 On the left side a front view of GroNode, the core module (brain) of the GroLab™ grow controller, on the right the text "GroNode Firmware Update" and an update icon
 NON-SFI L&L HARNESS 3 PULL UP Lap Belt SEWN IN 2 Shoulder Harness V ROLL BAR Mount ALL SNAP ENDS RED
--
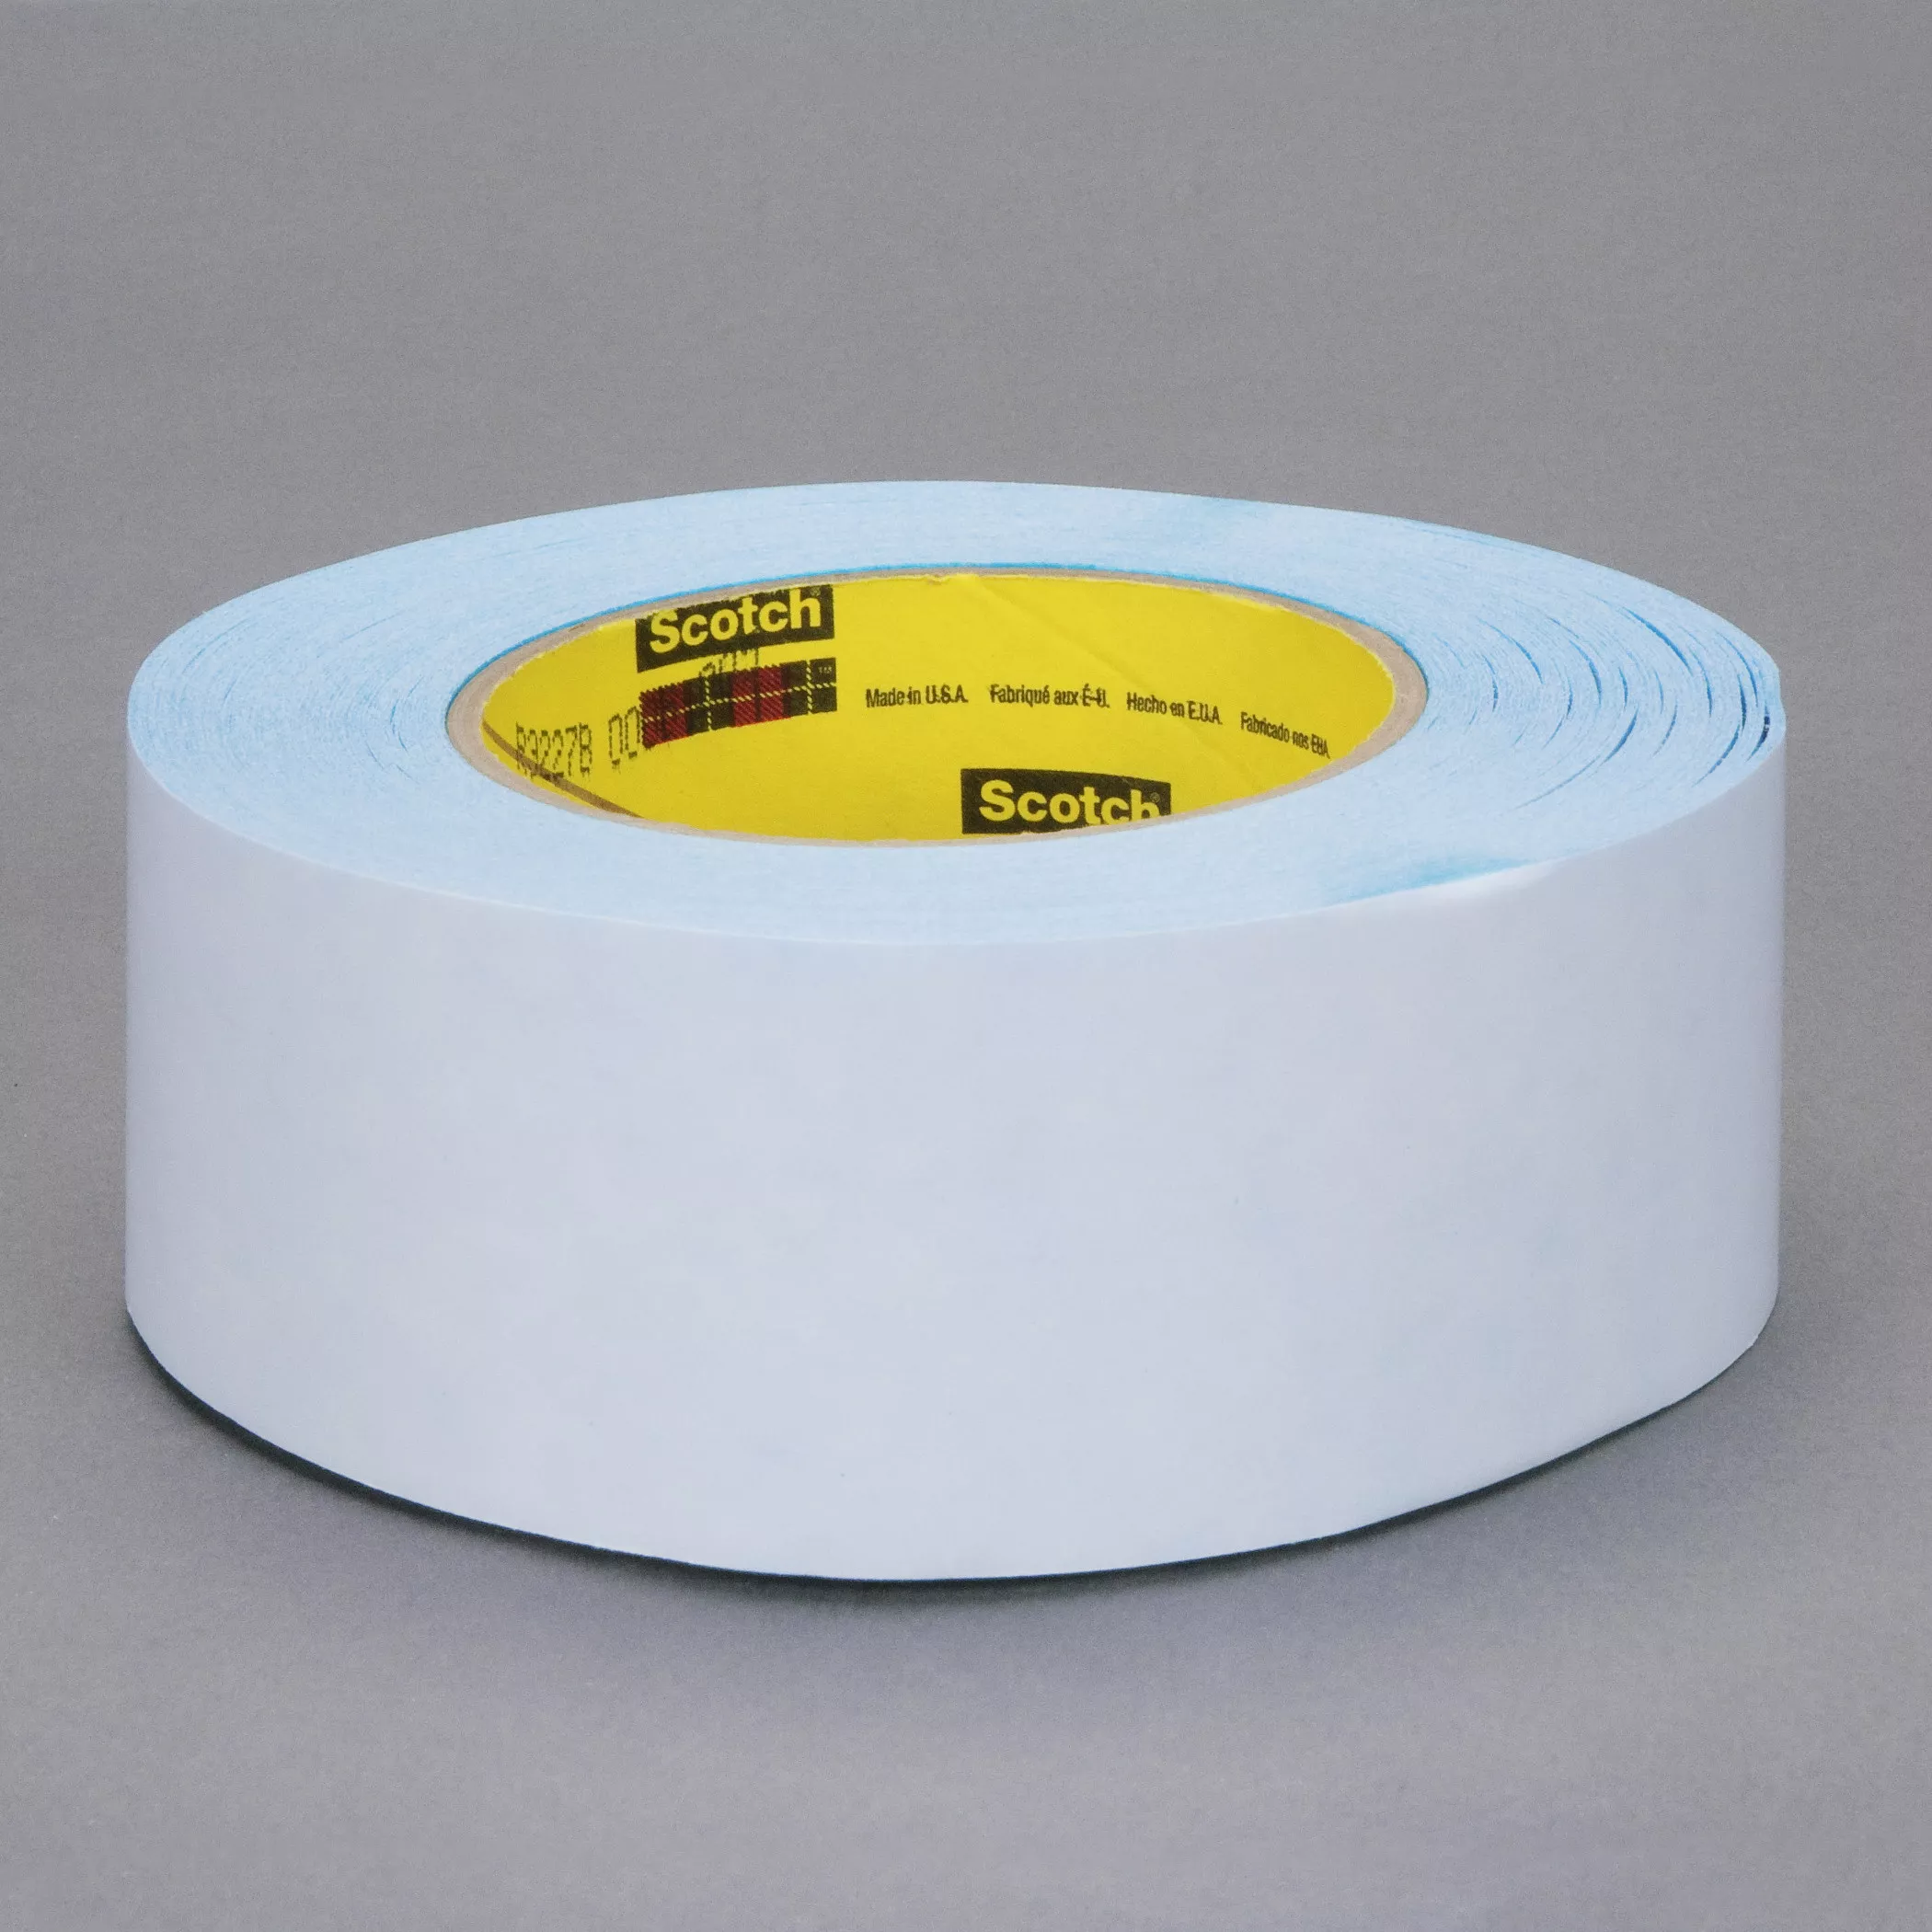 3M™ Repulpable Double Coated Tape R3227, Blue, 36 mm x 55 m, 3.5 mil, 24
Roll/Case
---
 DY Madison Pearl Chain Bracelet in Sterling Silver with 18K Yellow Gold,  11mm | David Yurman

Required work> Retype the portion of the data above that starts on the line with "On the left" and finishes on the line with "NON-SFI L&L HARNESS", including both of those lines.

Exercise solution>
 On the left side a front view of GroNode, the core module (brain) of the GroLab™ grow controller, on the right the text "GroNode Firmware Update" and an update icon
 NON-SFI L&L HARNESS 3 PULL UP Lap Belt SEWN IN 2 Shoulder Harness V ROLL BAR Mount ALL SNAP ENDS RED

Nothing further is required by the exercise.